• _Problem to solve_: Would you return the lines that run from the start of the data below to the line with "Ralph Lauren 3/4", both included, exactly as written and without pictures?

• _Data shown_:
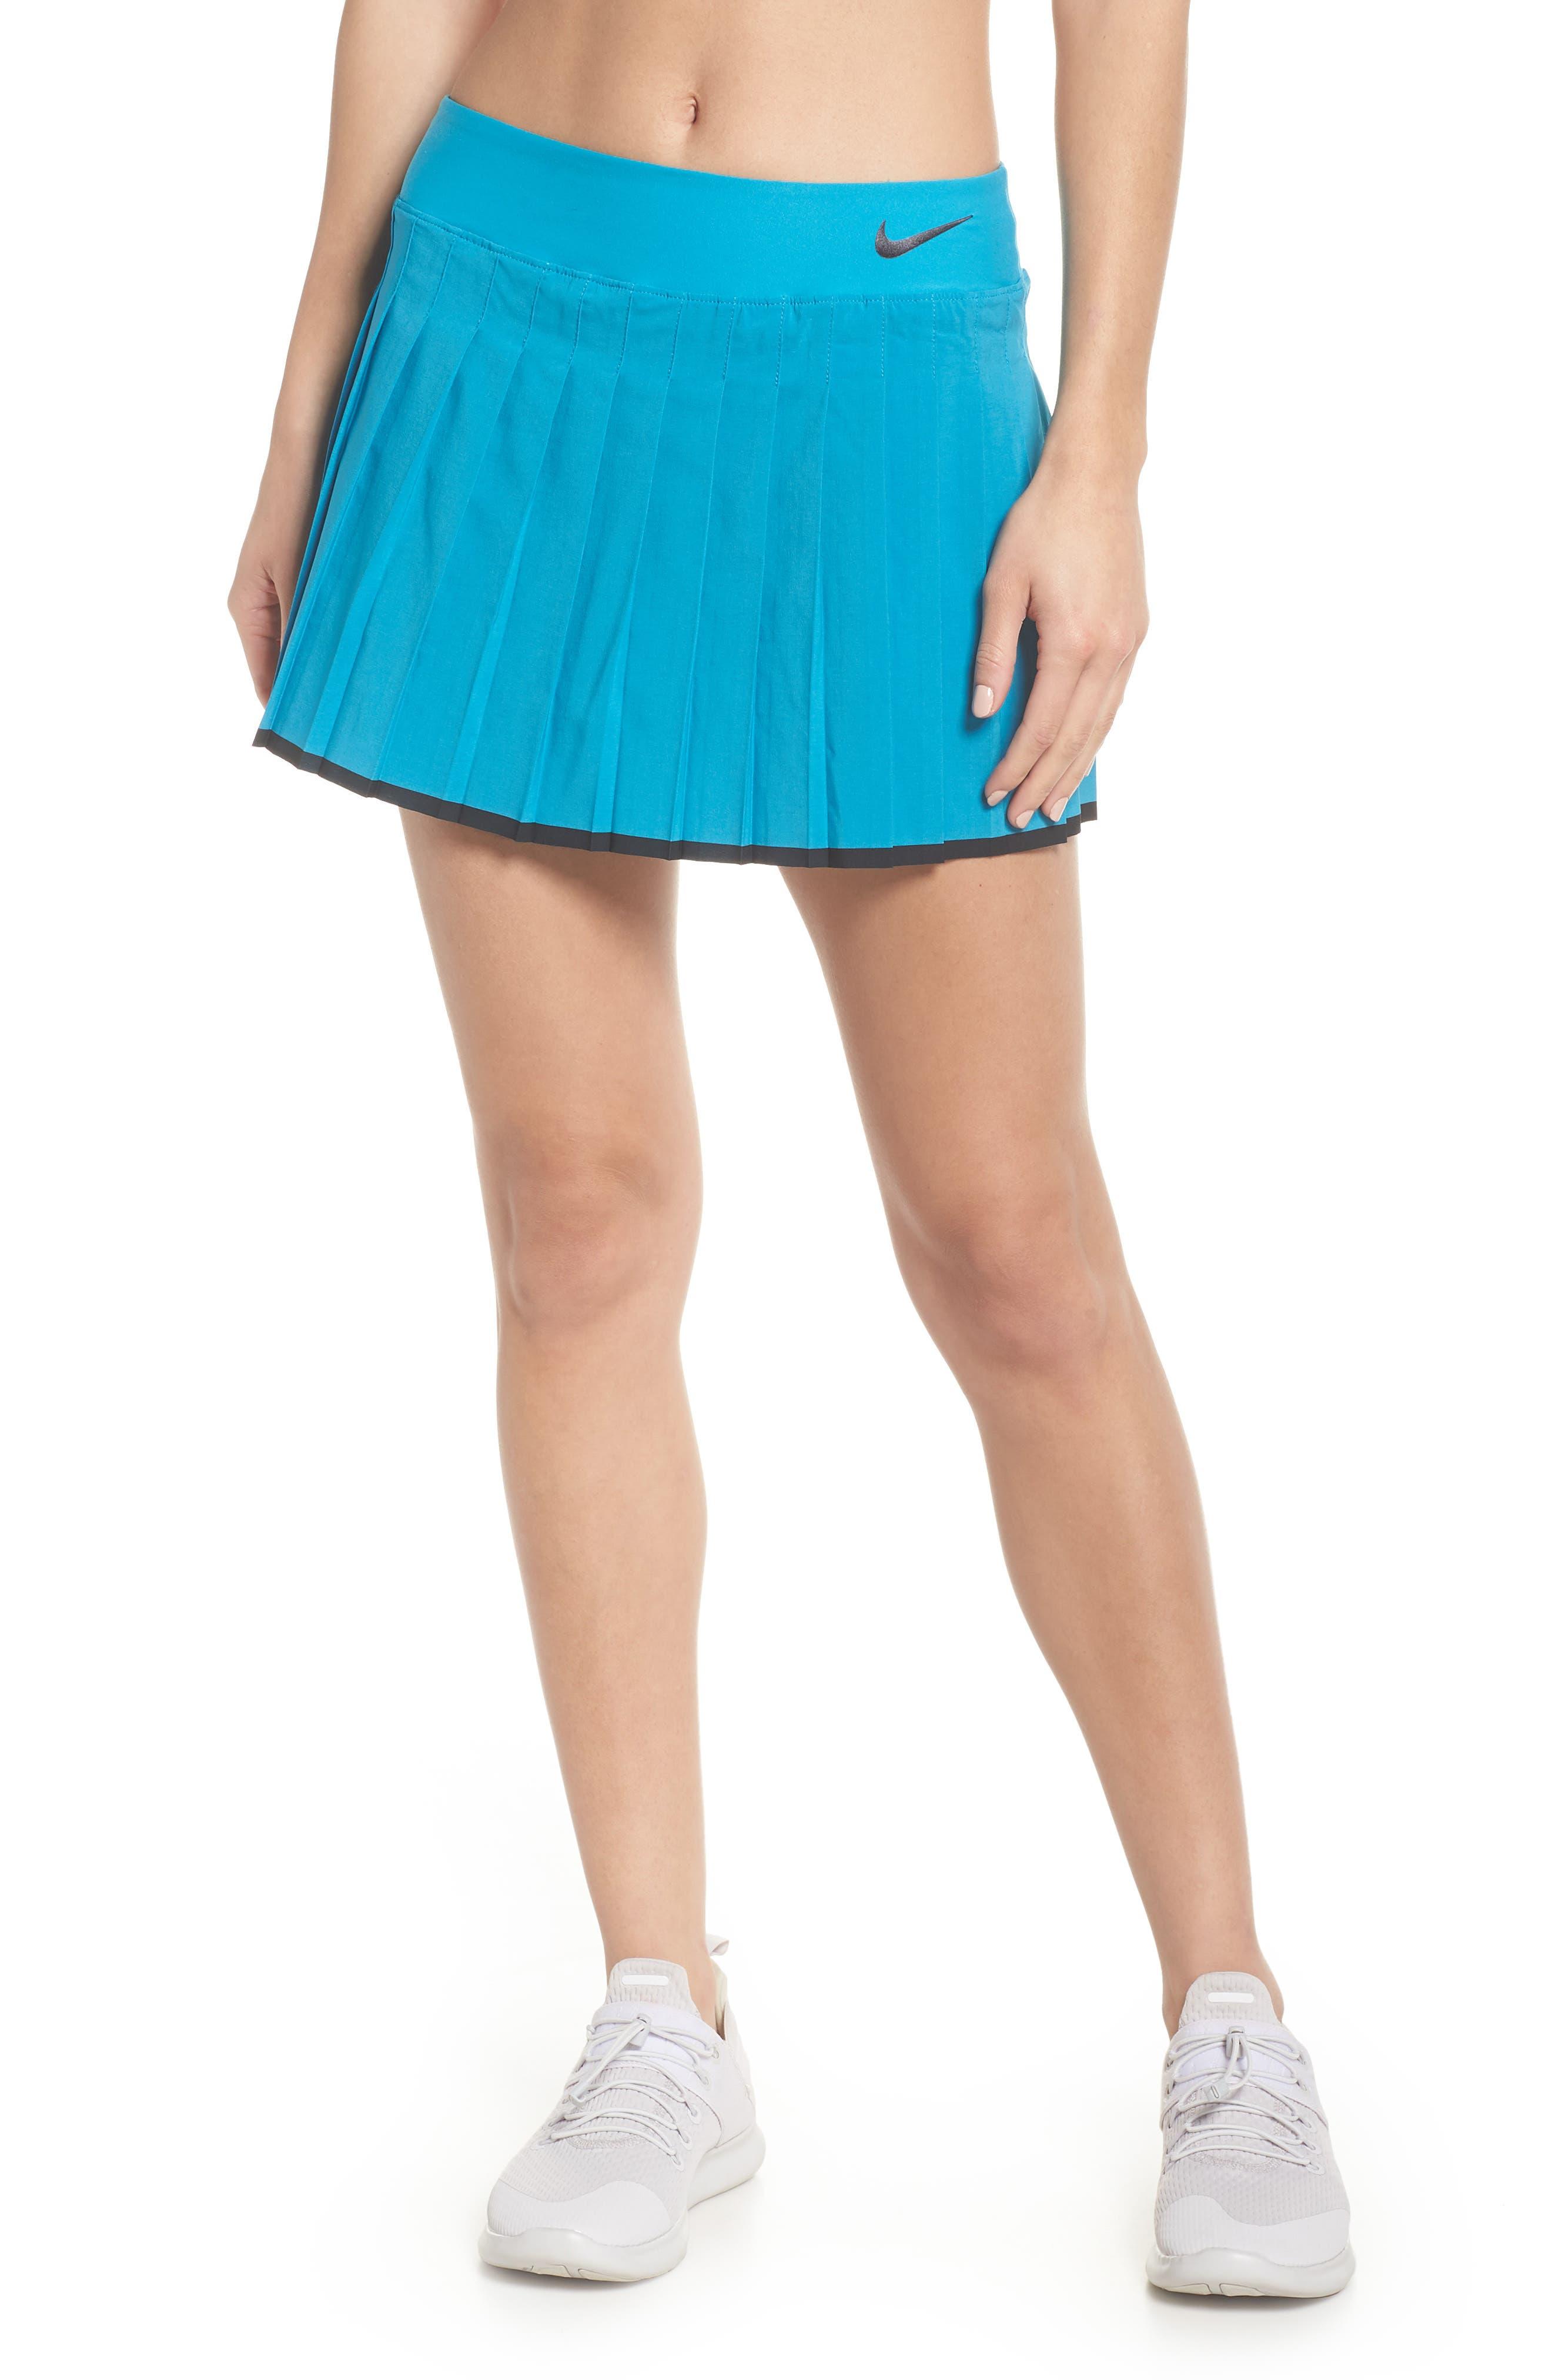 'Victory' Pleat Dri-FIT Tennis Skirt,                             Main thumbnail 1, color,                             Neo Turquoise/ Black
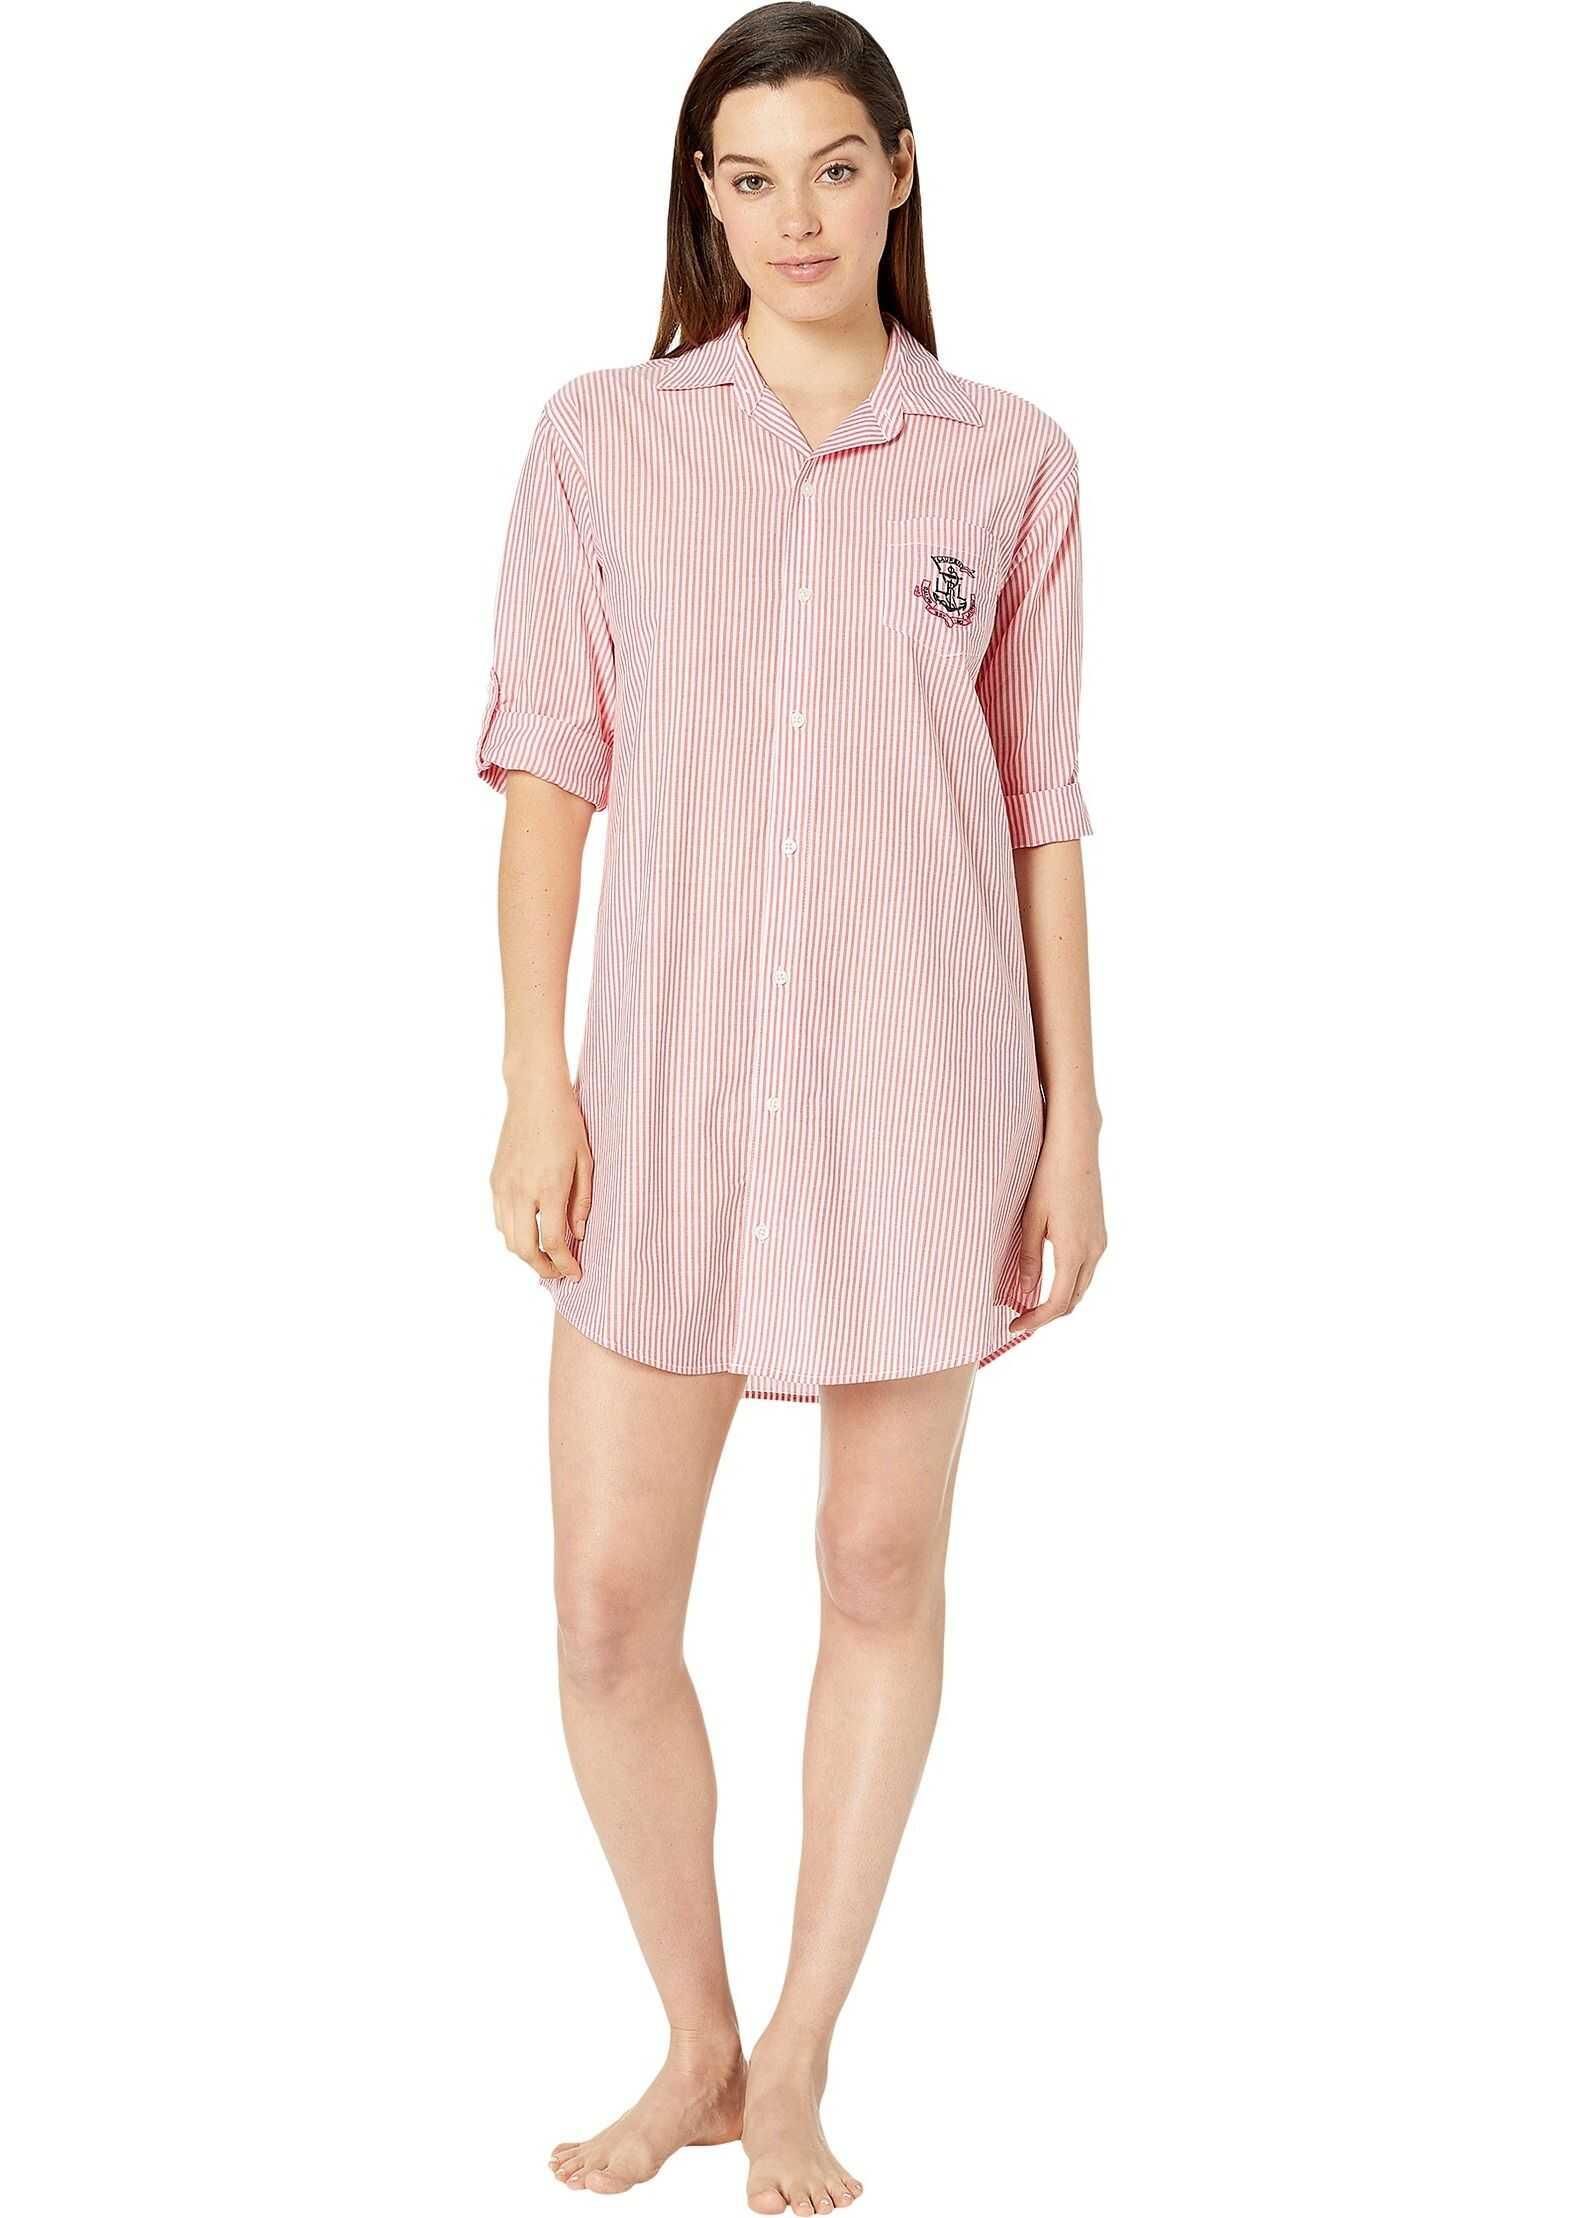 Ralph Lauren 3/4 Sleeve Roll Tab Sleeve His Shirt Sleepshirt Red Stripe
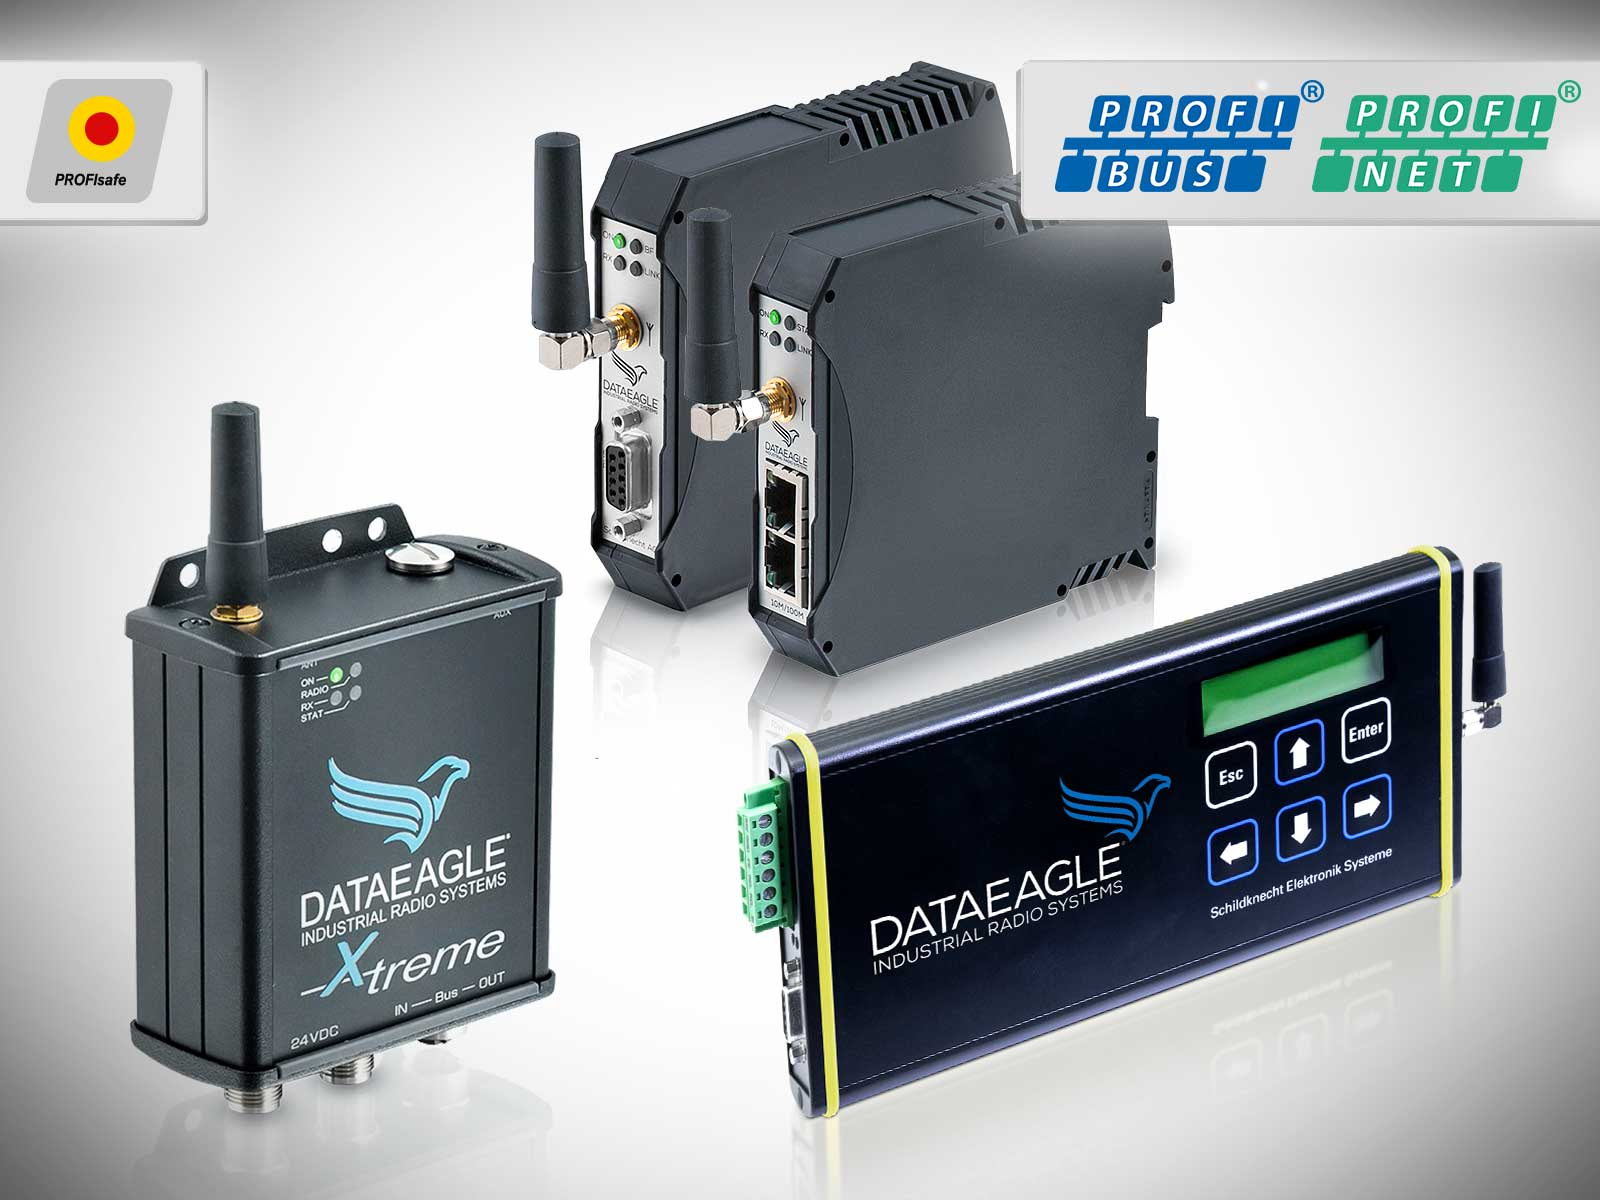 Wireless PROFIsafe • DATAEAGLE 3000/4000

• _Solved problem_:
 'Victory' Pleat Dri-FIT Tennis Skirt,                             Main thumbnail 1, color,                             Neo Turquoise/ Black
 Ralph Lauren 3/4 Sleeve Roll Tab Sleeve His Shirt Sleepshirt Red Stripe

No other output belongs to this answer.